For using a battery:

  • Use batteries designed for supplying higher current than the peak current needed by the device. The rectangular box-shaped 9 Volt batteries are typically not specified for such currents (some are), so are best avoided.
  • If the device spends a large percentage of time in low-power inactive modes, then a low leakage current type of battery is recommended, to extend the operating period.
  • Use a set of batteries that provide at least 6.5 Volts, e.g. 5 x AA cells, and connect them to PWRIN (DC barrel jack) or VIN and GND, as before.
  • If the Arduino-based device is not sensitive to supply voltage quality, e.g. it does not use the Arduino's ADC for any sensitive data acquisition, then additional efficiency can be achieved by using a 5 Volt DC-DC buck regulator between the battery and the circuit, and feeding the output to the +5V pin (and GND). Buck regulators or switch-mode DC-DC regulators are more efficient than linear regulators such as the one on board the Arduino. Thus less power is wasted as heat, and the batteries should last longer.
  • If rechargeable battery operation is desired, a good option is a LiPo battery shield that incorporates charging and battery monitoring in one place. Some such shields even have a 5 Volt switching regulator on them, with efficiently regulated 5 Volt DC fed directly into the Arduino's +5V pin.
  • Design some form of battery status reporting into the permanent Arduino device if possible, so that an early warning can be provided well before the batteries run out.
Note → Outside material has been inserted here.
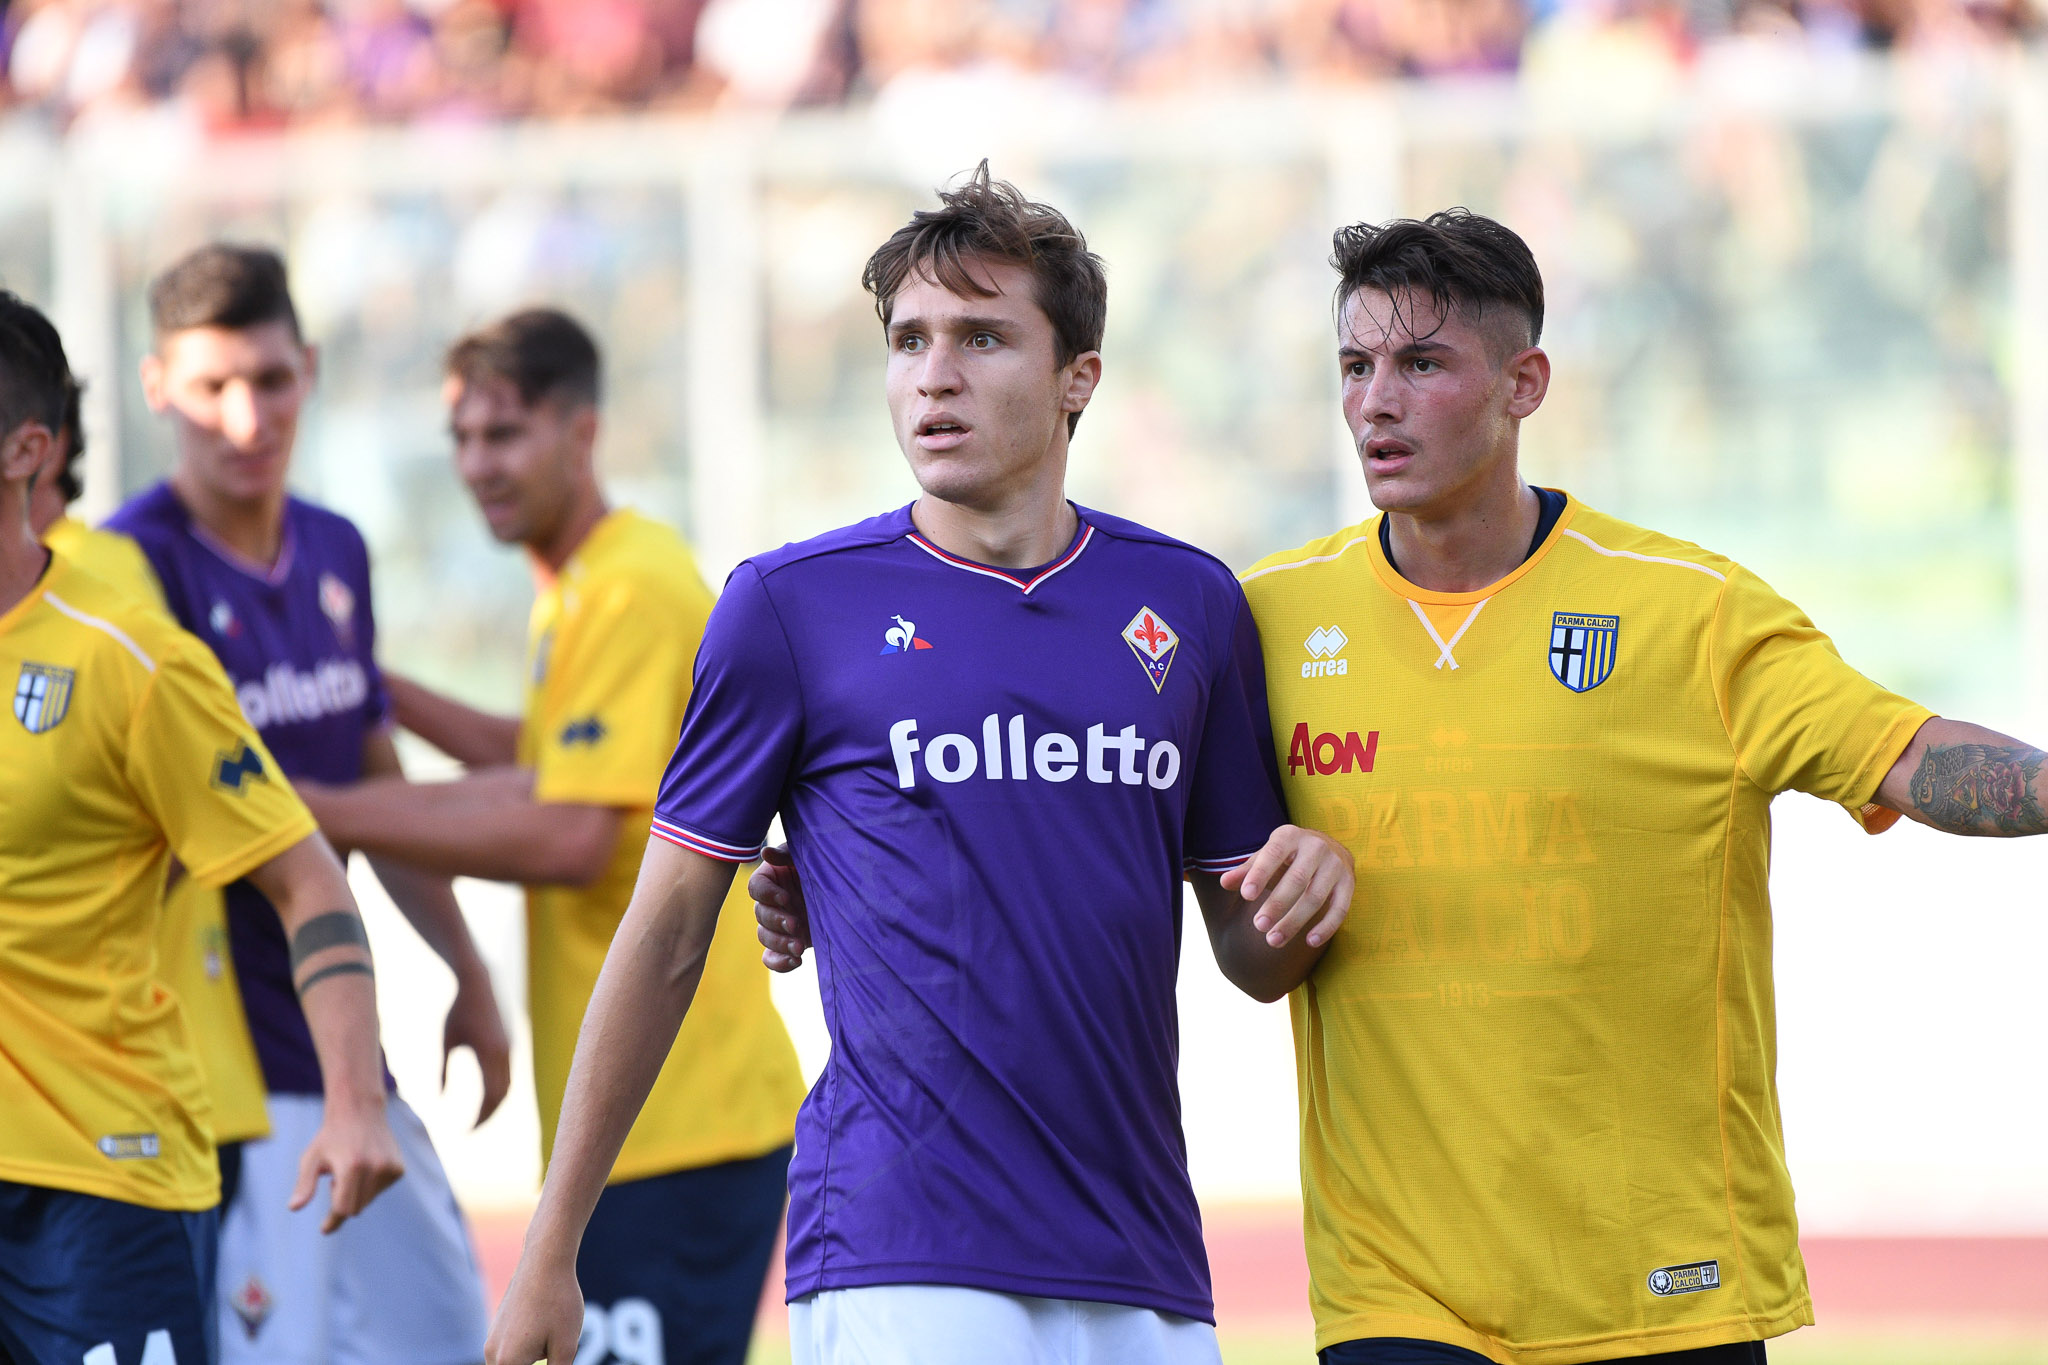 """Chiesa: """"Sogno di vincere un trofeo con la maglia della Fiorentina. Perché ho rinnovato?…"""""""

One interesting battery strategy involves designing the final Arduino device to run at reduced operating voltage, such as 3.5 Volts and up. This requires using a reduced clock crystal (say 8 MHz instead of 16 or 20 MHz), the microcontroller needs this reduced frequency for stable operation at reduced voltage.

The device is then powered by just 3 AA cells, so the battery pack voltage varies from 4.5 Volts at full power, down to around 3.0 Volts or so in depleted state. No voltage regulation is required, the battery pack directly feeds into the +5V pin on the Arduino.

This also eliminates the efficiency loss at the on-board voltage regulator, which is bypassed in this arrangement. So long as the set of 3 batteries can provide at least the bare minimum voltage the specific microcontroller can operate down to, your device will continue working. This information can be determined from the datasheet of the particular microcontroller to be used.


I hope the above notes provide at least an initial basis for designing the power solution for permanent deployment of your Arduino project.